Всякий знает, что свидетельское показание, жизненный протокол, документ суть вещи ненадежные, довольно субъективные. Для «исторического» труда, который ставил бы себе целью «установление незыблемой истины», точность воспоминаний есть основное достоинство; и, например, мемуарно-исторические работы с этой точки зрения имеют подлинную ценность лишь в случае чрезвычайной свежести памяти вспоминающего и его беспристрастия. Здесь сопоставление с другими свидетелями является научной необходимостью, и почти дьявольски скептической мыслью выскакивает от времени до времени положение, что никаким сопоставлением воспоминаний и даже документов действительность не может быть восстановлена, а лишь приблизительно изображена.

Другое дело — воспоминания художественные. Художественные мемуары могут прямо отмахнуться от научного остатка мемуарности и перейти к тому широкому слою произведений, которые Гёте хорошо назвал «Dichtung und Wahrheit»7.

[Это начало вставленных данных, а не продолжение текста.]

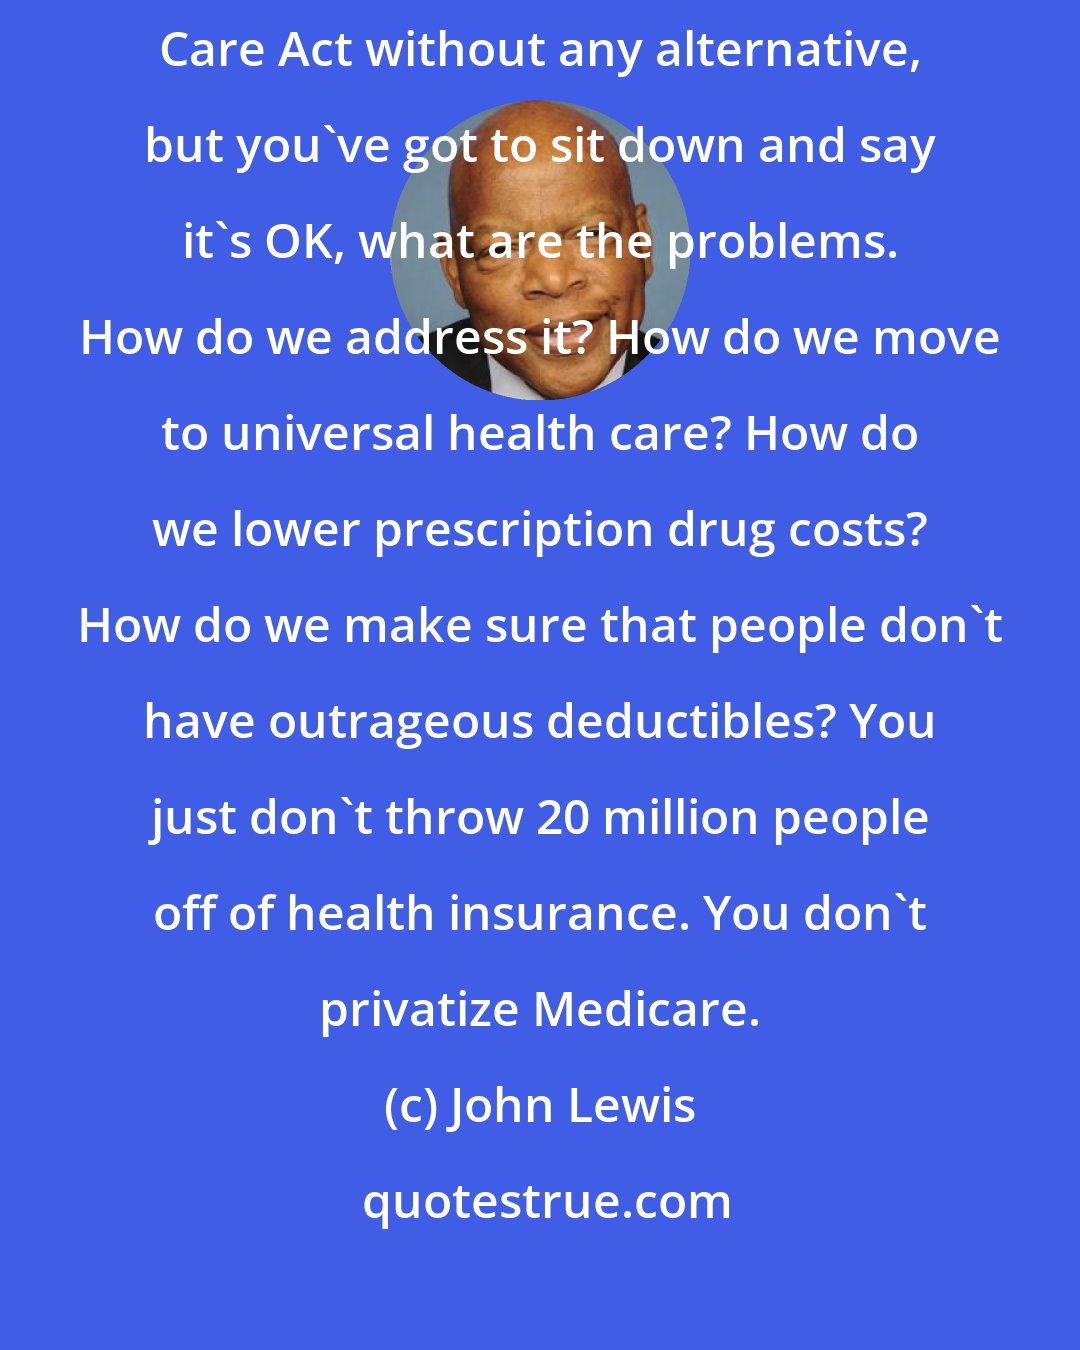 John Lewis: What sensible people have got to do is not simply repeal the Affordable Care Act without any alternative, but you've got to sit down and say it's OK, what are the problems. How do we address it? How do we move to universal health care? How do we lower prescription drug costs? How do we make sure that people don't have outrageous deductibles? You just don't throw 20 million people off of health insurance. You don't privatize Medicare.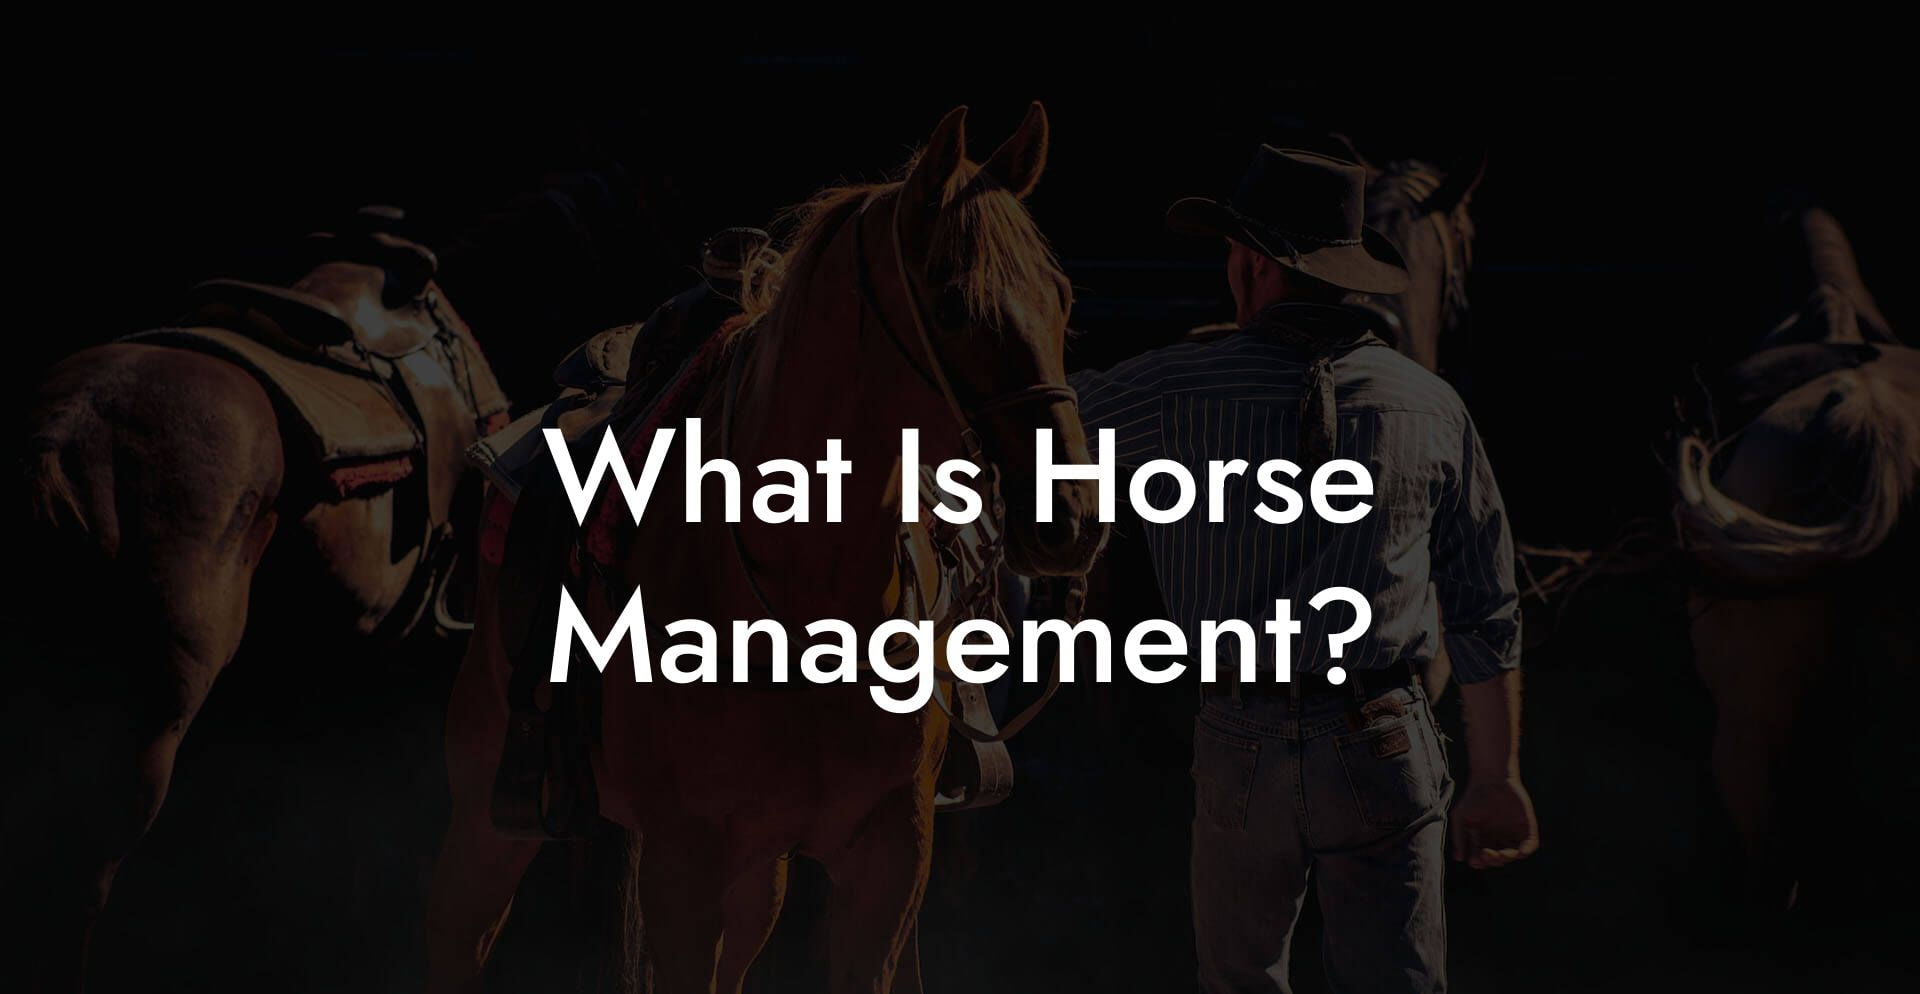 What Is Horse Management?

По поводу этого названия величайшей книги организованных воспоминаний, какою благодаря Гёте обладает человечество, шел спор. Утверждали, что Dichtung обозначает в заглавии совокупность отчетов автора о его творчестве, a Wahrheit — связный рассказ о событиях. Однако это не совсем так. Гёте не отрицает ни того, что в его воспоминаниях его творческая жизнь подвергнута известному толкованию, ни того, что в изложении фактов он не всегда точен, ибо часто внутренняя стройность, смысл мемуаров становился для него более важным, чем установление сквозь туманные пятна памяти точной правды. Так создан был шедевр, который тоже мог быть назван «В поисках за утраченным временем».

Нечего и говорить, что в действительности так названные обширные художественные воспоминания Марселя Пруста не могут ни по своей ценности, ни по ценности примененных методов идти в сравнение с классическим зданием Гёте.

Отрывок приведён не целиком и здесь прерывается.